Essai de la semaine : Le destin à inventer de la Tunisie

Une enquête sur les conditions difficiles de la transition démocratique dans ce pays du Maghreb.

Olivier Doubre  • 12 juillet 2012 abonné·es

Ouvrant notre récent dossier sur le « printemps arabe », Denis Sieffert rappelait [^2], dix-huit mois après la chute de Ben Ali (le 14 janvier 2011) : « Après l’illusion lyrique des premières semaines, nous redécouvrons que les processus révolutionnaires sont longs et chaotiques. » C’est bien ce qui apparaît à la lecture de la rigoureuse enquête de Pierre Puchot au cœur de la Tunisie post-révolutionnaire.

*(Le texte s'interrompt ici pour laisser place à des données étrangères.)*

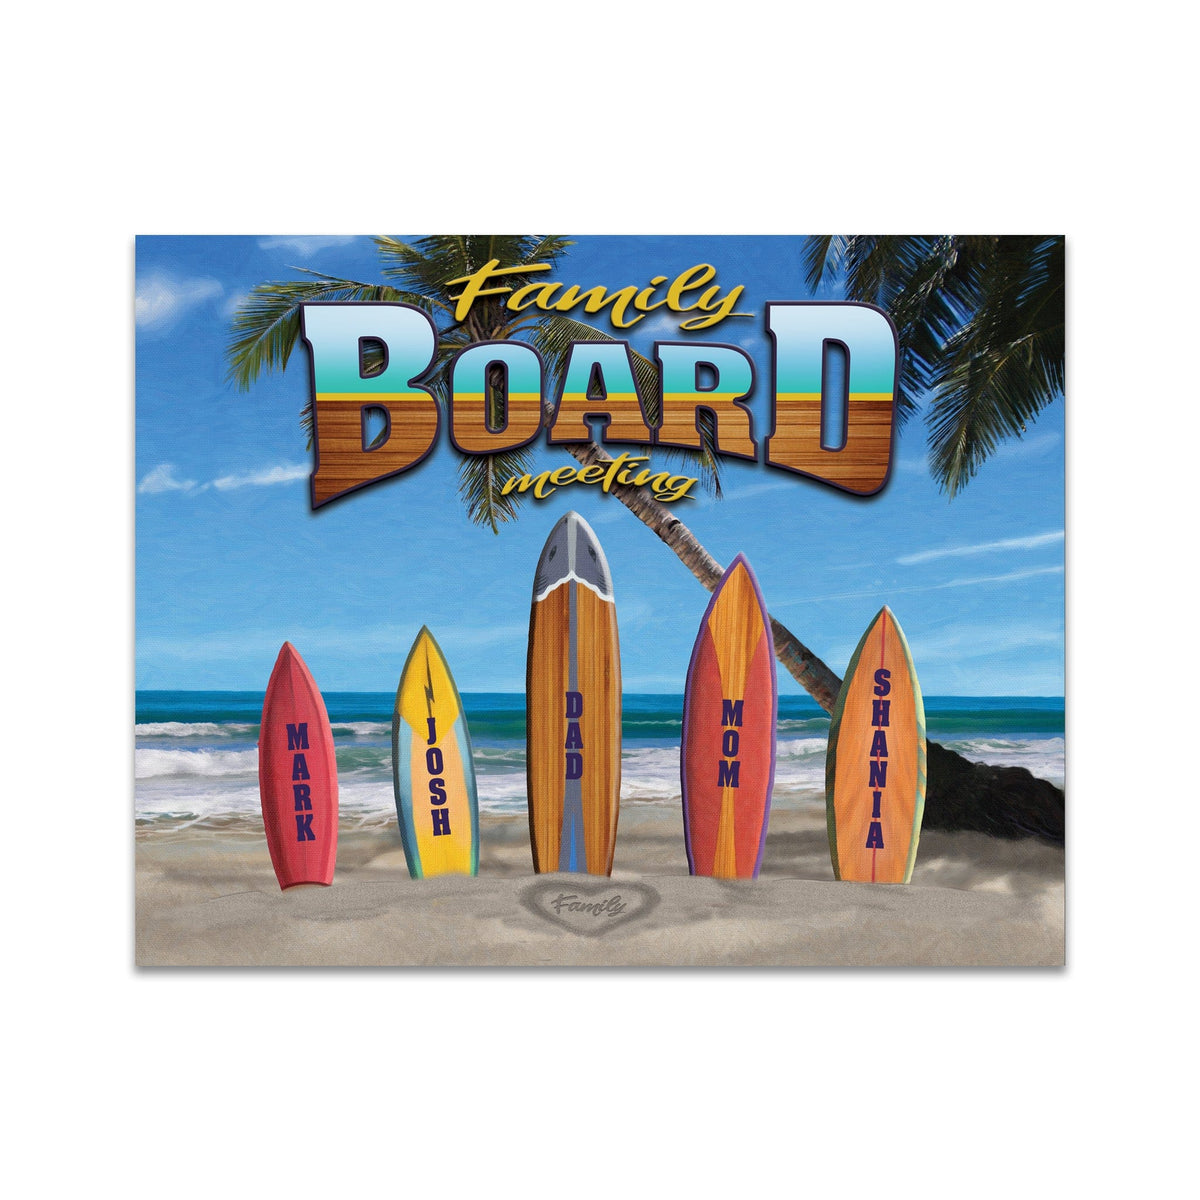 Family Board Meeting | Personalized Beach Surf Sign from Personal Prints

L’auteur, correspondant de Mediapart au Maghreb et au Moyen-Orient, avait déjà séjourné depuis 2008 à de nombreuses reprises dans la Tunisie de Ben Ali et assisté au soulèvement des Tunisiens [^3]. Il a poursuivi son immersion dans ce pays pendant plus d’un an, pour tenter d’ « entrer dans l’intimité du corps de l’État tunisien, l’ausculter comme le ferait un chirurgien […], prendre son pouls, appréhender son mal, sentir son souffle de vie pour livrer un premier diagnostic sur la transition tunisienne ».

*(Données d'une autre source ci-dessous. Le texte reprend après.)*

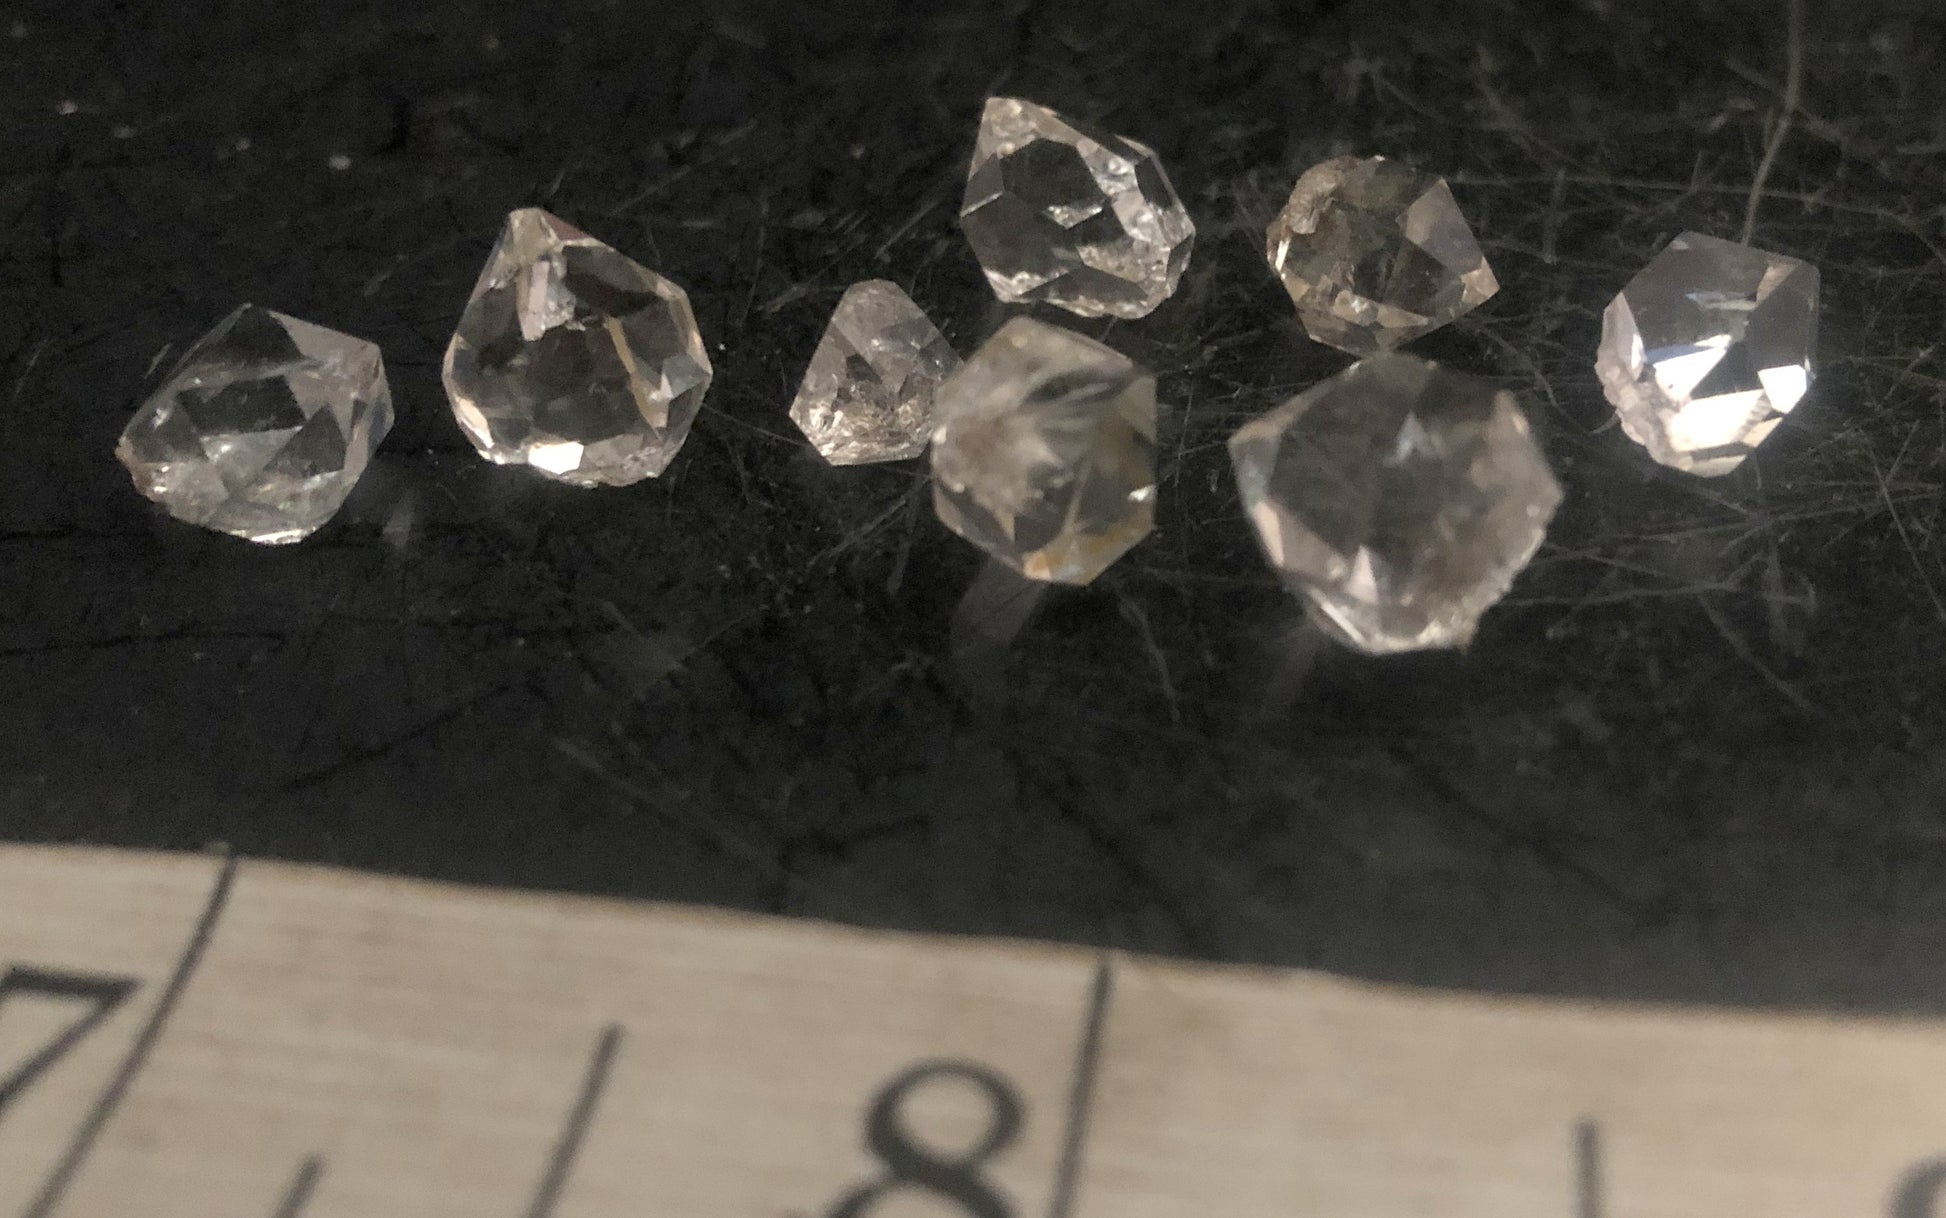 Herkimer Diamond Lot 1207-46 | Of Coins & Crystals

Beaucoup de progressistes du ** monde entier, Occidentaux en tête, emportés par leur allégresse au soir du 14 janvier 2011, avaient cru que, « libérée du dictateur honni » après un petit mois de manifestations, la Tunisie était, d’un coup d’un seul, devenue démocratique. Le livre de Pierre Puchot se charge de les rappeler aux rudes réalités de l’histoire en prévenant d’emblée que, « par la description des coulisses du climat de terreur instauré par les autorités pour se maintenir en selle, [son] ouvrage donne à comprendre les mécanismes juridiques et politiques de la confiscation de la révolution tunisienne  ». Car le départ du seul Ben Ali et de sa femme, l’odieuse Leila Trabelsi, n’a évidemment pas suffi à bouleverser le pays tout entier. Les habitudes d’une caste au pouvoir depuis des décennies, d’une police politique violente et corrompue, de médias aux ordres, dont certains journalistes sont aussi fonctionnaires du ministère de l’Intérieur, ont la vie dure. Le grand apport de l’enquête de Pierre Puchot, après les élections de l’Assemblée constituante qui, en novembre 2011, ont donné une majorité relative aux islamistes modérés du parti Ennahda, est de nous mettre en garde contre nos réflexes occidentaux vis-à-vis de ce parti. Selon Moncef Marzouki, l’ancien exilé devenu président de la République, il faut sortir de cette « dichotomie franco-française » qui croit qu’il y a « les laïques et les obscurantistes » et « accepter qu’une partie conservatrice de la société demande à jouer un rôle ». Il s’agit en fait d’appréhender la révolution tunisienne « avant tout [comme] l’histoire d’un rapport de forces permanent, entre la rue, la société civile renaissante et l’establishment d’hier, ce dernier étant prêt à tout pour conserver sa place dans cette Tunisie nouvelle ».

[^2]: Cf. Politis n° 1209, du 28 juin 2012.

[^3]: Il en avait tiré son premier ouvrage, déjà remarqué : Tunisie, une révolution arabe, Galaade éditions, 2011.